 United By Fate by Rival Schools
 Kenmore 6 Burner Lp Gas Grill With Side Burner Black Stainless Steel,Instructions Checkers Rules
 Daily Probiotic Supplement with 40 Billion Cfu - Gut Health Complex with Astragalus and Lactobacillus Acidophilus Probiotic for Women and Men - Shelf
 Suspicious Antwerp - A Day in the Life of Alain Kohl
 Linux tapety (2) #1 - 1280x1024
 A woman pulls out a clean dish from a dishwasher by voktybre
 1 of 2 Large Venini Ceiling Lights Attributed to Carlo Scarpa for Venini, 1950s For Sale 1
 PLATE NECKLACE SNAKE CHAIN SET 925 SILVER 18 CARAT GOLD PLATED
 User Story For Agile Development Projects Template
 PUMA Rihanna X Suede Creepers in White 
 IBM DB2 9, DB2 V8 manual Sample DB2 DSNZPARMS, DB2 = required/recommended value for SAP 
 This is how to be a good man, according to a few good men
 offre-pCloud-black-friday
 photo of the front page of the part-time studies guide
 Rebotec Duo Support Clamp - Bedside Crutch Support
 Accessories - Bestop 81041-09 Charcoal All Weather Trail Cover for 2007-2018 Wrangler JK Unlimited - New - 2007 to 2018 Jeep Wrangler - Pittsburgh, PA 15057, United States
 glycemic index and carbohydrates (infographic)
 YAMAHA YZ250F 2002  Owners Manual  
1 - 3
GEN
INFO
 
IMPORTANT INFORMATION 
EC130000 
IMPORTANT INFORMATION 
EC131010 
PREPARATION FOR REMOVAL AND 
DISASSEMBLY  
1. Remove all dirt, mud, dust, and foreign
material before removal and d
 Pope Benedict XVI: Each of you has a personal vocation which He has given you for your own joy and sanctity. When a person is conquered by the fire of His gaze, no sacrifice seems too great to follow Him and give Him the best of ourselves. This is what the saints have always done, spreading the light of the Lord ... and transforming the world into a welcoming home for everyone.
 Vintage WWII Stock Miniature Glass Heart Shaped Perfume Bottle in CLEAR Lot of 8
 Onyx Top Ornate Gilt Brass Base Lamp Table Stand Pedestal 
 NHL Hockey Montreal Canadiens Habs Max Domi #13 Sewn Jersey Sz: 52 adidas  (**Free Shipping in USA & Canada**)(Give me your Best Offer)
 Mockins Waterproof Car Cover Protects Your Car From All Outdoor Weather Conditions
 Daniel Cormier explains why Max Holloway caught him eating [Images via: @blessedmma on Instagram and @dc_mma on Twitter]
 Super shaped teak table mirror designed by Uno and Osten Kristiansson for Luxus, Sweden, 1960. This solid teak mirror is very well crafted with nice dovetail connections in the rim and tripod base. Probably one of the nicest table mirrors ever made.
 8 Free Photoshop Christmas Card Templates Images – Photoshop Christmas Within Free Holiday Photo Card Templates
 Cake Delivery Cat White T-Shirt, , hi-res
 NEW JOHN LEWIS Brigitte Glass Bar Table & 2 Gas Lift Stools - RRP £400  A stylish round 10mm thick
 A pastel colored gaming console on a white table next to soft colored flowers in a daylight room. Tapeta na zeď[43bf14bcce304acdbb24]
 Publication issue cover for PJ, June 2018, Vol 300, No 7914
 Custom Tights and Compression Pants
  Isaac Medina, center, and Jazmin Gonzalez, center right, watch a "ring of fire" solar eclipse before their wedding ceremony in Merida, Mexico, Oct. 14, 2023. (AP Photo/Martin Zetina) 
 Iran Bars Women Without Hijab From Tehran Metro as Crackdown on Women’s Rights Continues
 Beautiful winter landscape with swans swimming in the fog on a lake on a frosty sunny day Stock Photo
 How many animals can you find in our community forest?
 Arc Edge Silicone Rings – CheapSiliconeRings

---+---

-- Exercise description --
Restate word for word the entries above from the line with "Linux tapety (2) #1 - 1280x1024" through the line with "PUMA Rihanna X Suede Creepers in White", inclusive, leaving out everything else.

-- Exercise solution --
 Linux tapety (2) #1 - 1280x1024
 A woman pulls out a clean dish from a dishwasher by voktybre
 1 of 2 Large Venini Ceiling Lights Attributed to Carlo Scarpa for Venini, 1950s For Sale 1
 PLATE NECKLACE SNAKE CHAIN SET 925 SILVER 18 CARAT GOLD PLATED
 User Story For Agile Development Projects Template
 PUMA Rihanna X Suede Creepers in White 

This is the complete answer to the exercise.